═══ Data

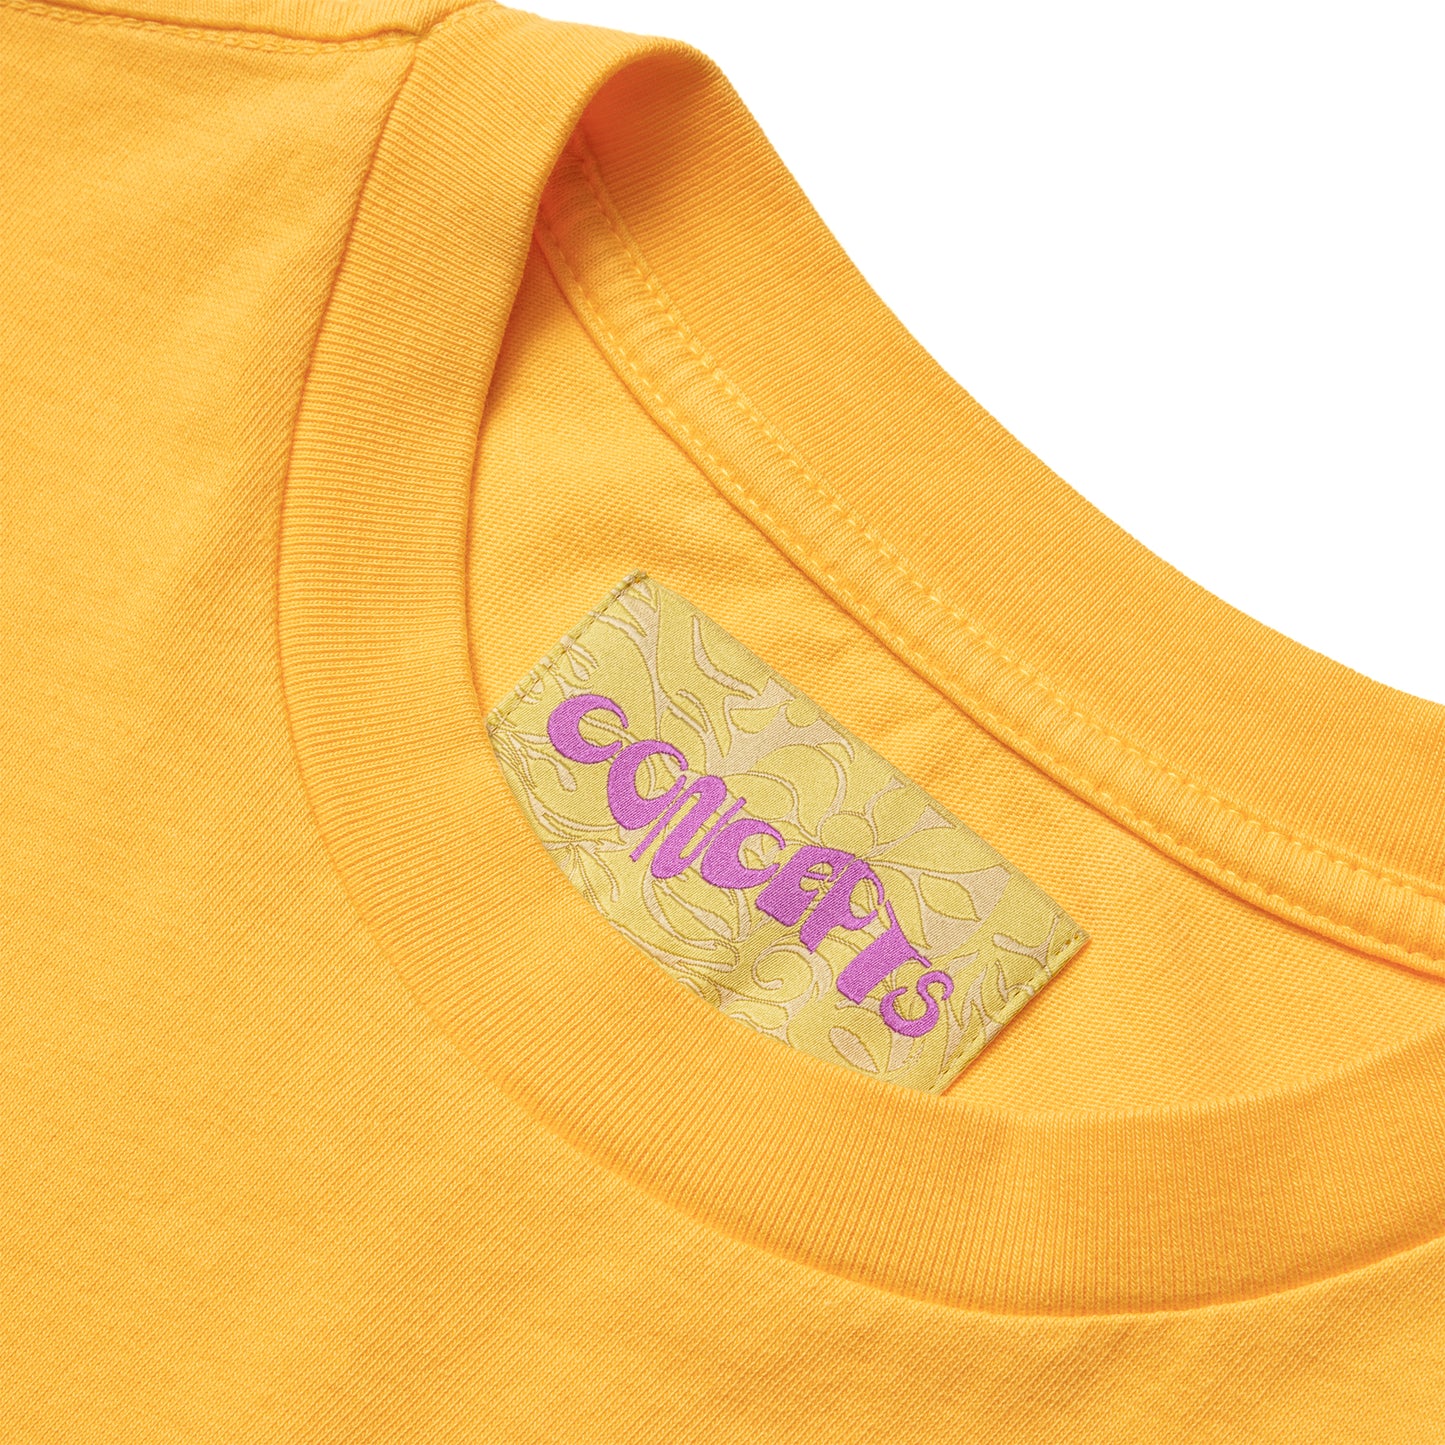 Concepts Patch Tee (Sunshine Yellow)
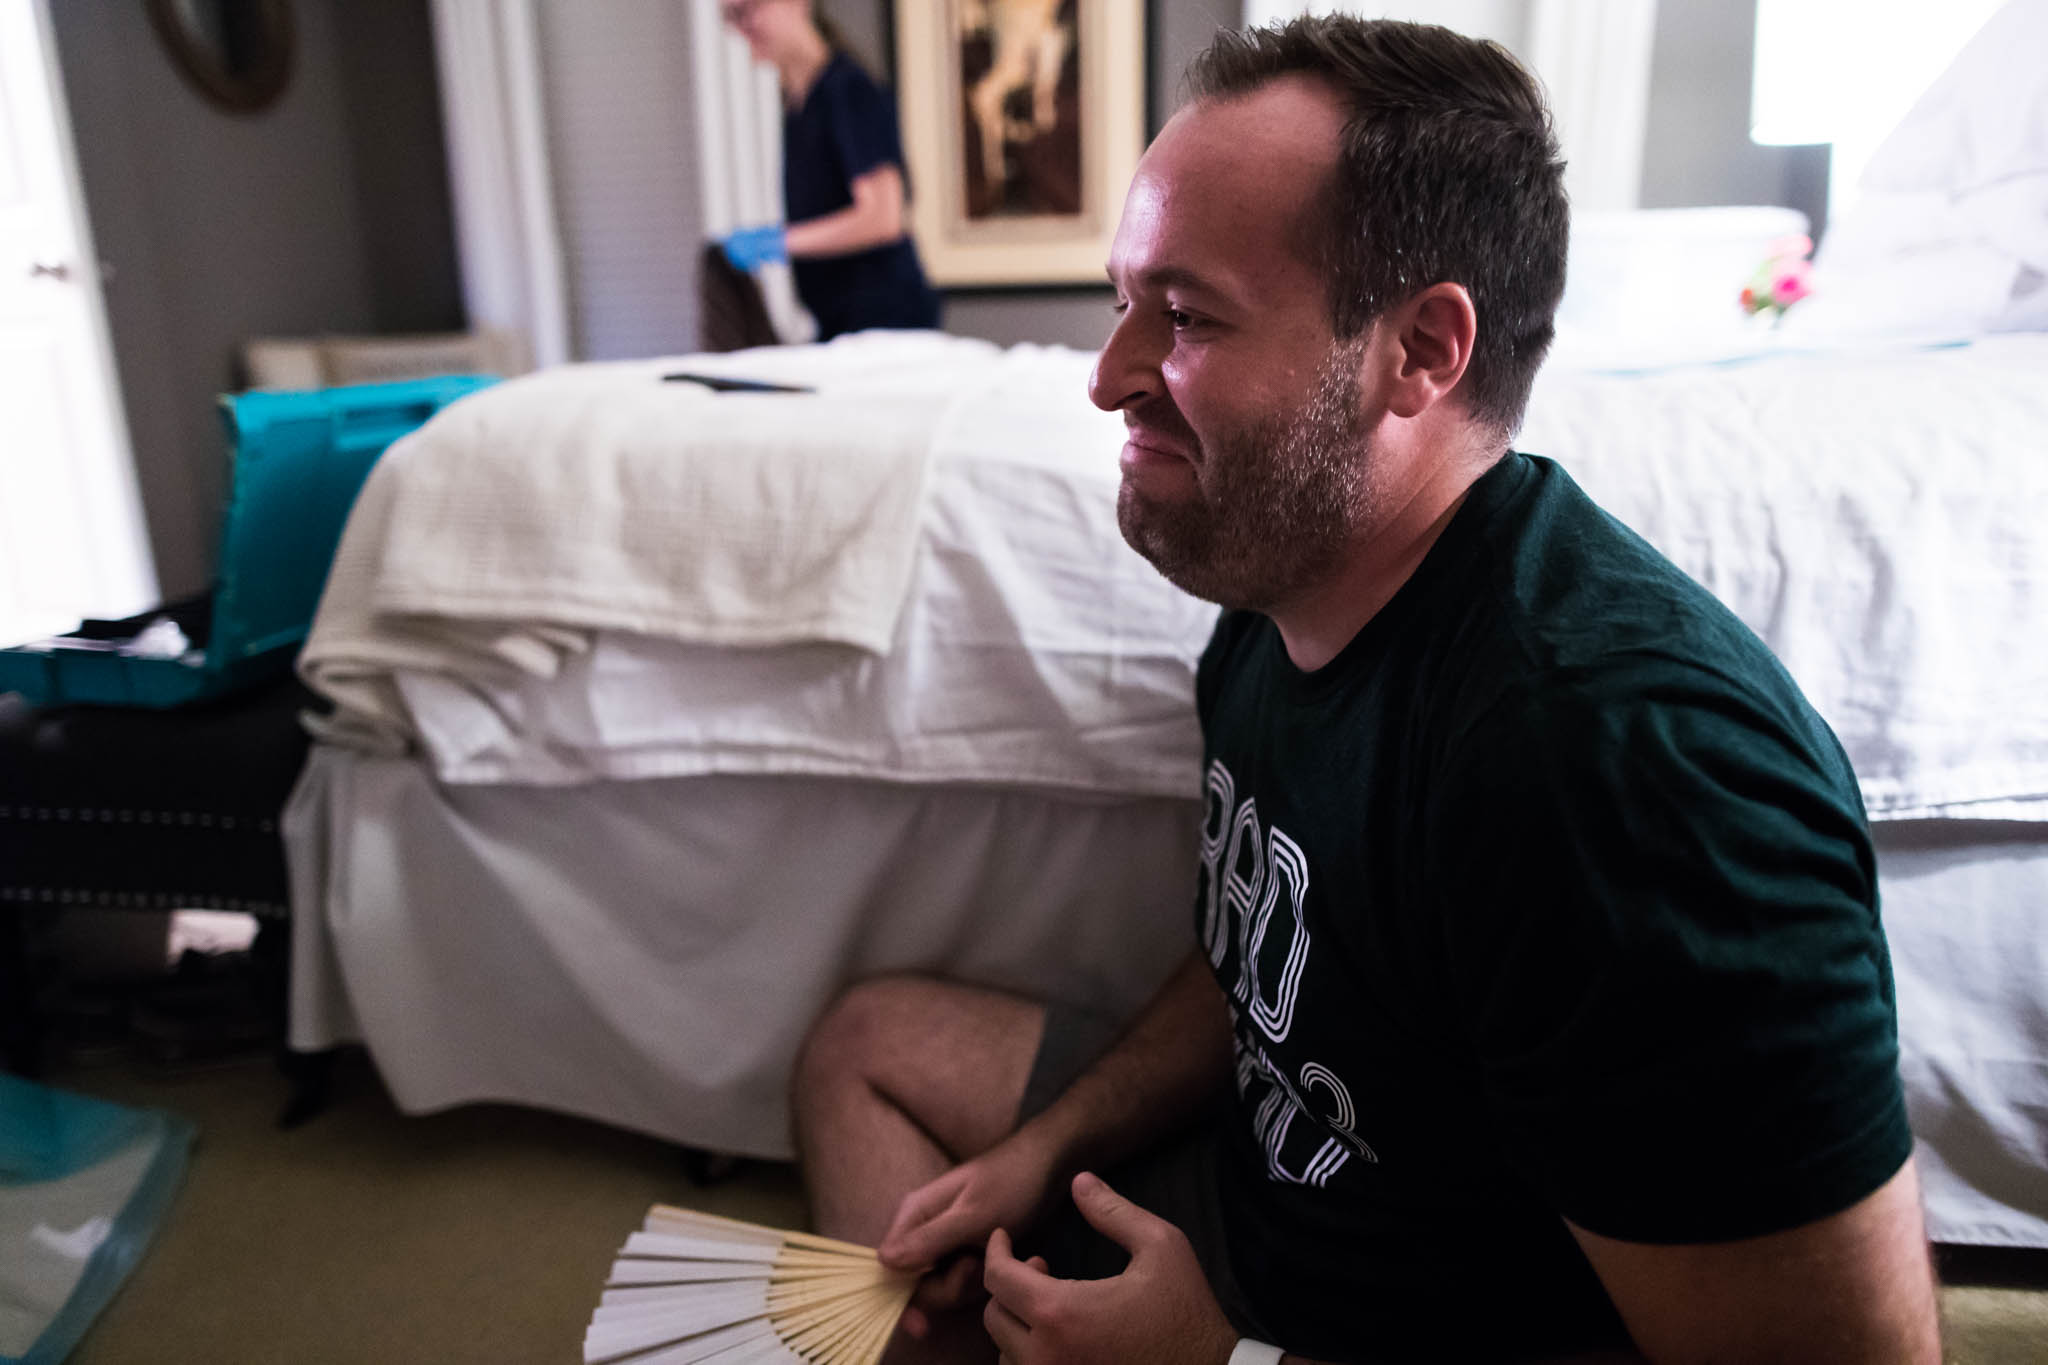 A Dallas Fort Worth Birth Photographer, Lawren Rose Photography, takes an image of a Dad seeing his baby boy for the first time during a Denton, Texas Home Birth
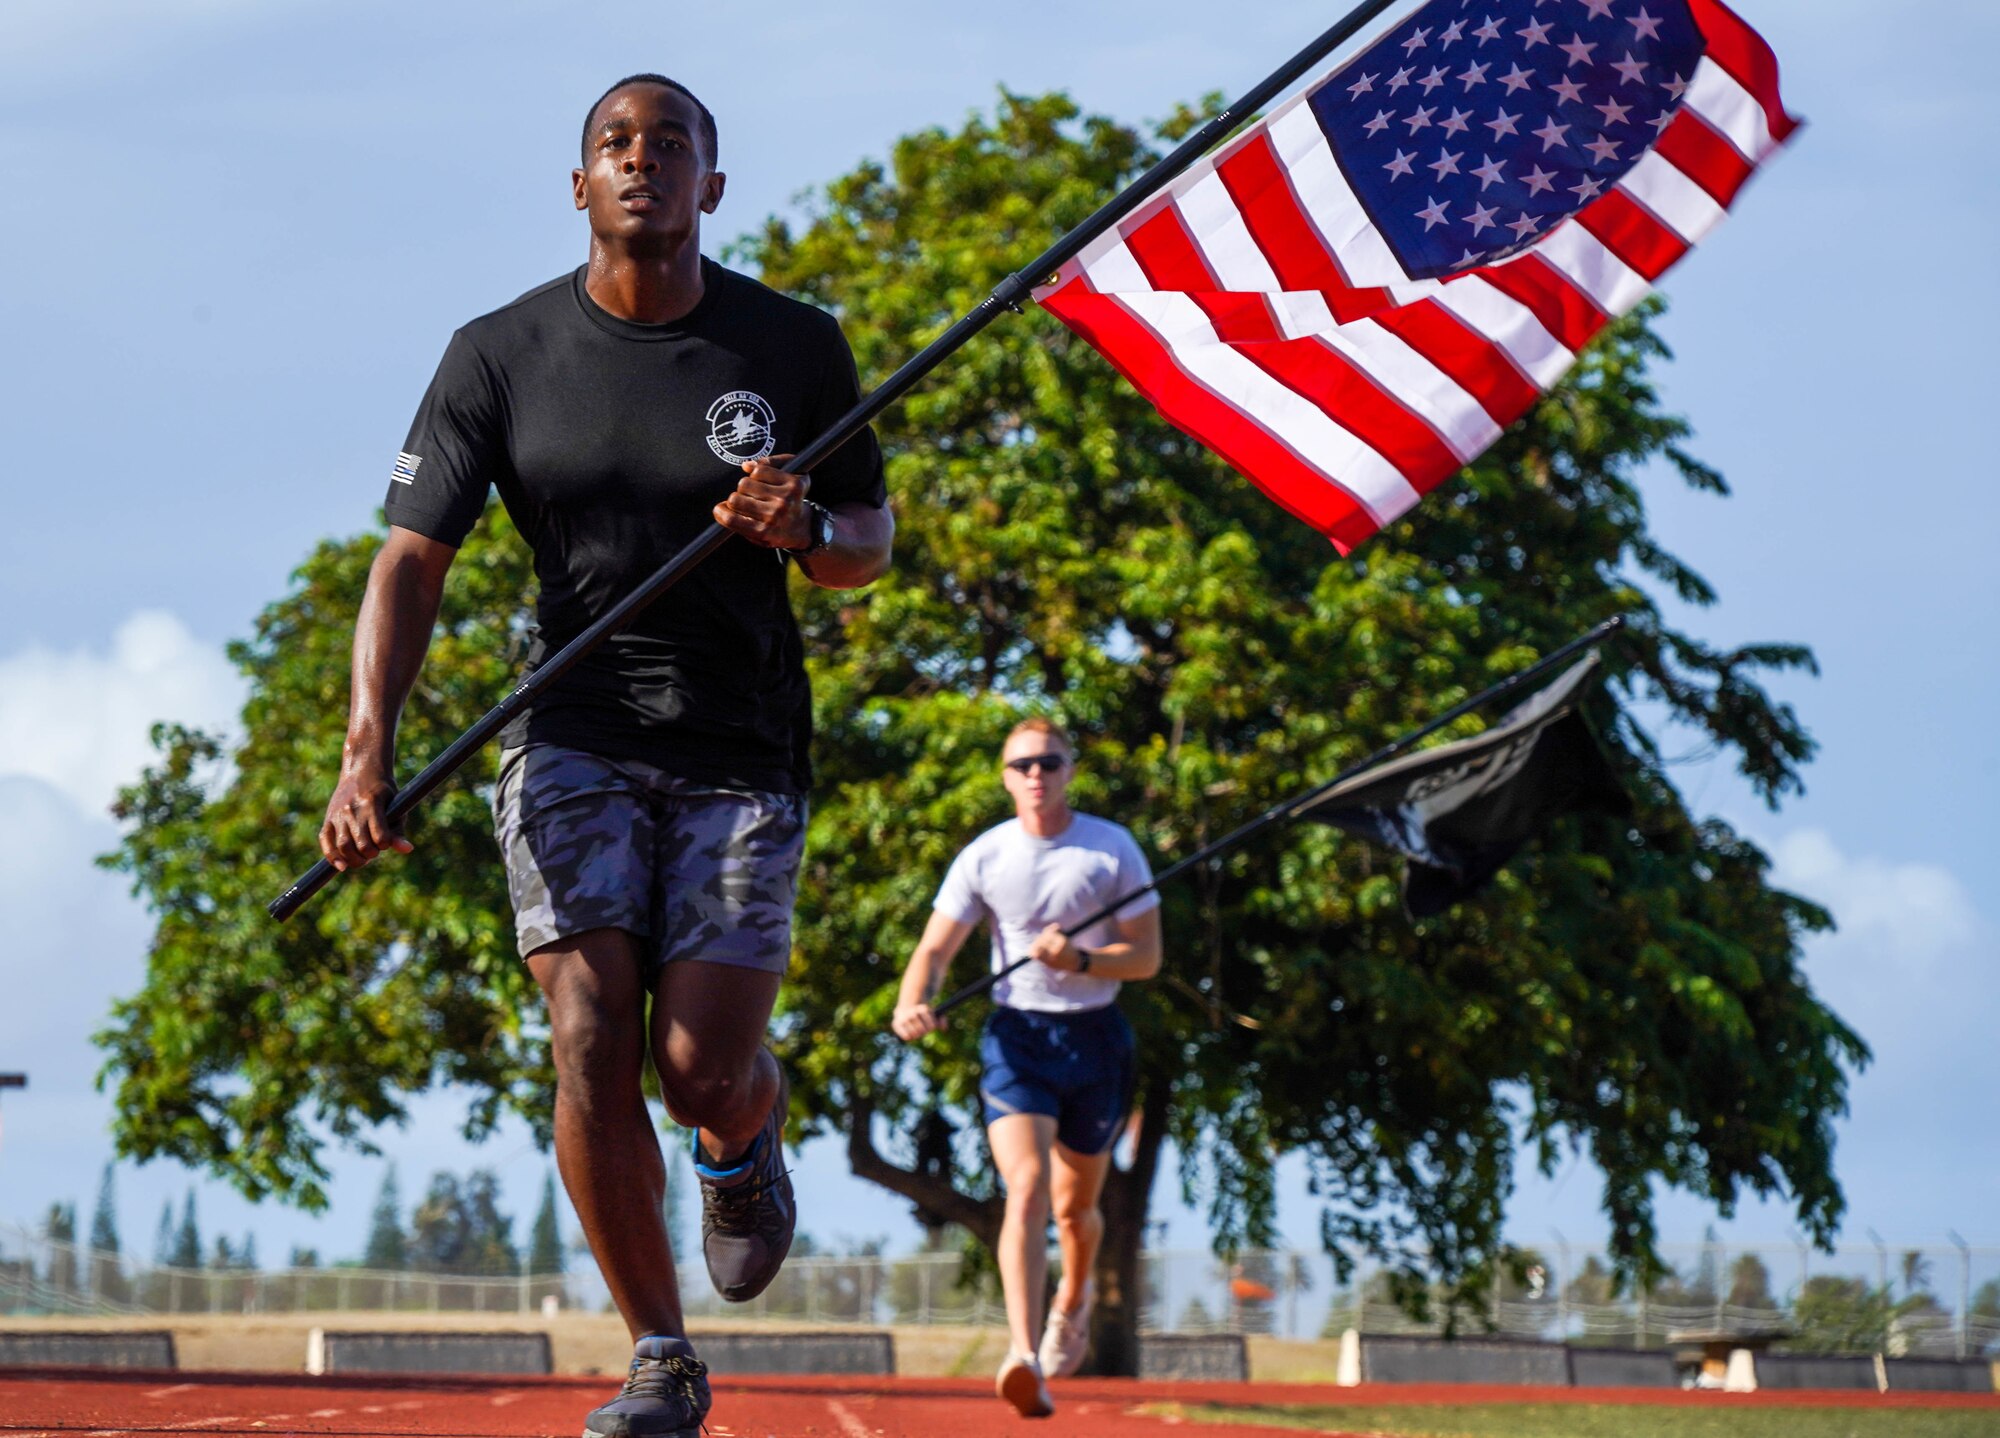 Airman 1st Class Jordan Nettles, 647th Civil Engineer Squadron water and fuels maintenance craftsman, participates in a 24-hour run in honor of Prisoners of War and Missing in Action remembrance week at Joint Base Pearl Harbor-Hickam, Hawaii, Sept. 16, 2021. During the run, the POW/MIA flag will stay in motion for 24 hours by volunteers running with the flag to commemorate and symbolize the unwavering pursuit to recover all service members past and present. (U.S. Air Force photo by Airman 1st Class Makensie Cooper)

══════

▶ _What this task involves_
Beginning at the first line of the listing, print each line exactly until and including the one that has "A Dallas Fort"; skip pictures.

▶ _Answer below_
 Concepts Patch Tee (Sunshine Yellow)
 A Dallas Fort Worth Birth Photographer, Lawren Rose Photography, takes an image of a Dad seeing his baby boy for the first time during a Denton, Texas Home Birth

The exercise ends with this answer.